KOCI-LP
- Newport Beach, California; United States;
- Broadcast area: Orange County, California
- Frequency: 101.5 MHz
- Branding: KOCI 101.5 FM

Programming
- Format: Classic rock

Ownership
- Owner: Orange County Community Radio

Technical information
- Licensing authority: FCC
- ERP: 42 watts
- HAAT: 45.66 meters (149.8 ft)
- Transmitter coordinates: 33°37′44″N 117°54′36″W﻿ / ﻿33.629°N 117.910°W

Links
- Public license information: LMS
- Webcast: Listen Live
- Website: www.kociradio.com

= KOCI-LP =

Community radio station in Newport Beach, California

KOCI-LP (101.5 FM) is a low-power FM radio station branded as "101.5 KOCI". This station is broadcasting a Classic rock music format. This station is licensed to Newport Beach, California and is broadcasting to the Orange County area.
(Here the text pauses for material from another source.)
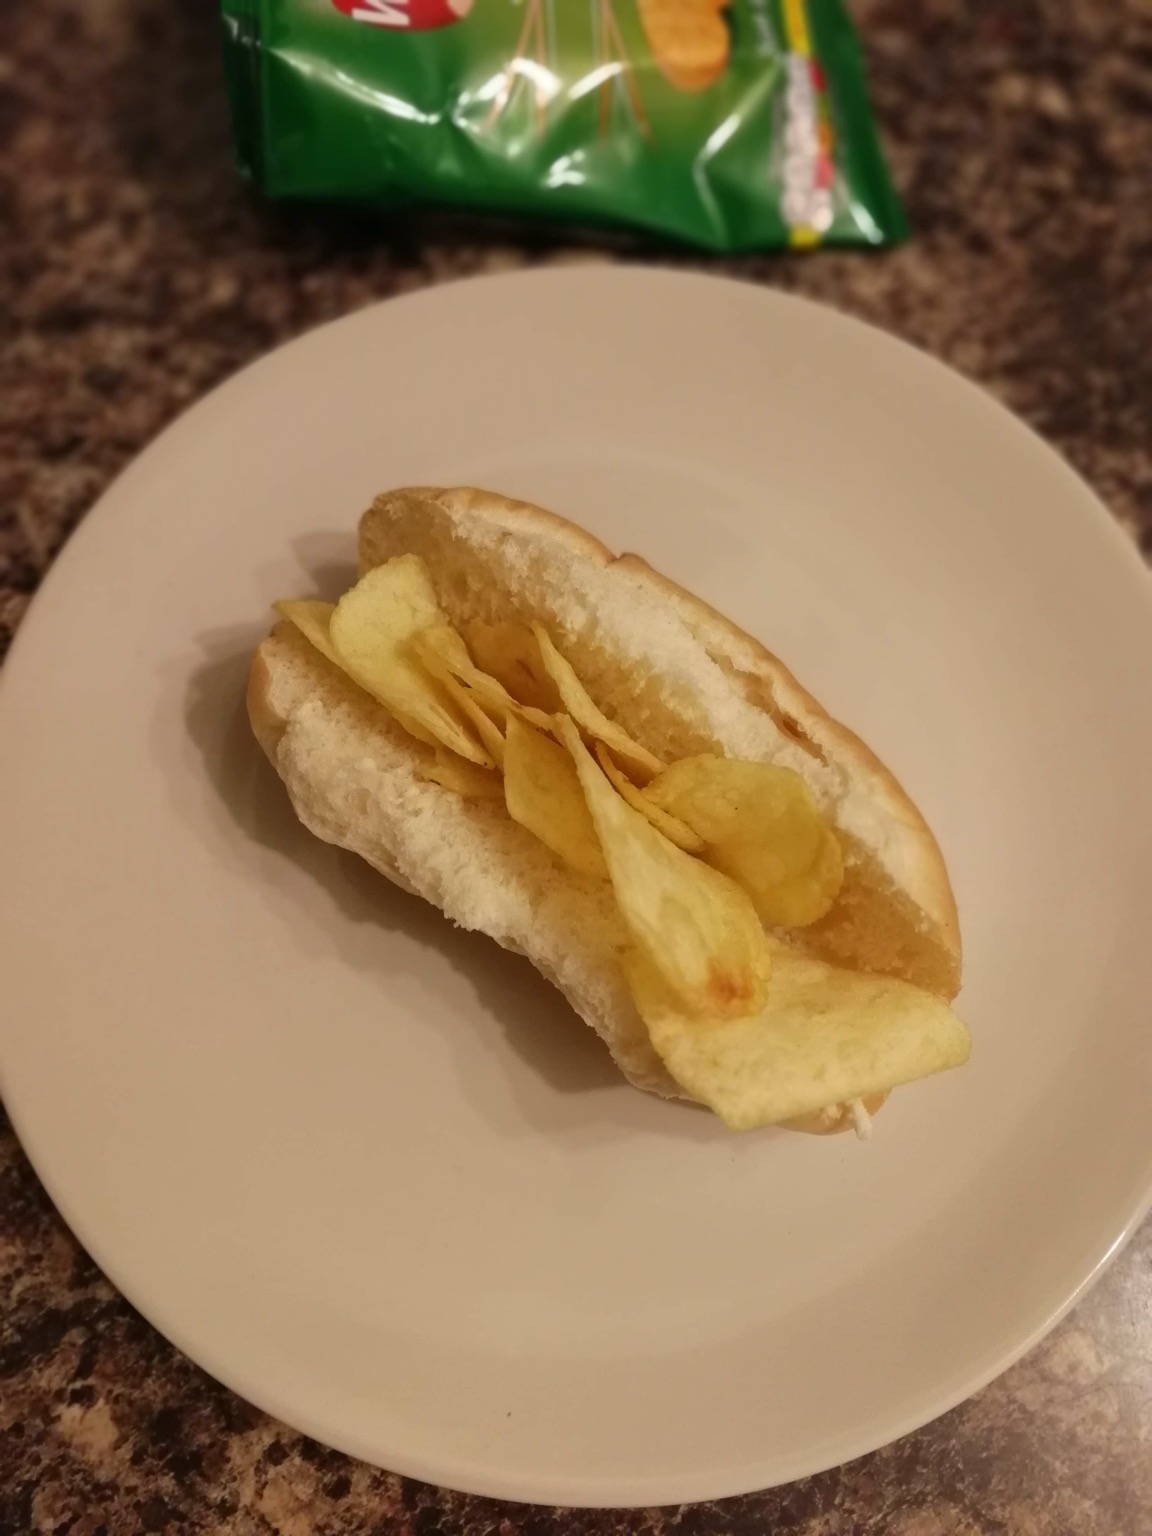 Finger roll filled with potato crisps, crisp bag visible

It can be heard in Costa Mesa, and can reach as far as Westminster, Garden Grove, and Tustin. The station operates at a low power in order to avoid co-channel interference to KGB-FM, in distant San Diego, which also broadcasts at 101.5 FM and airs a Classic Rock format, reaching San Clemente. Home of Uncle Al.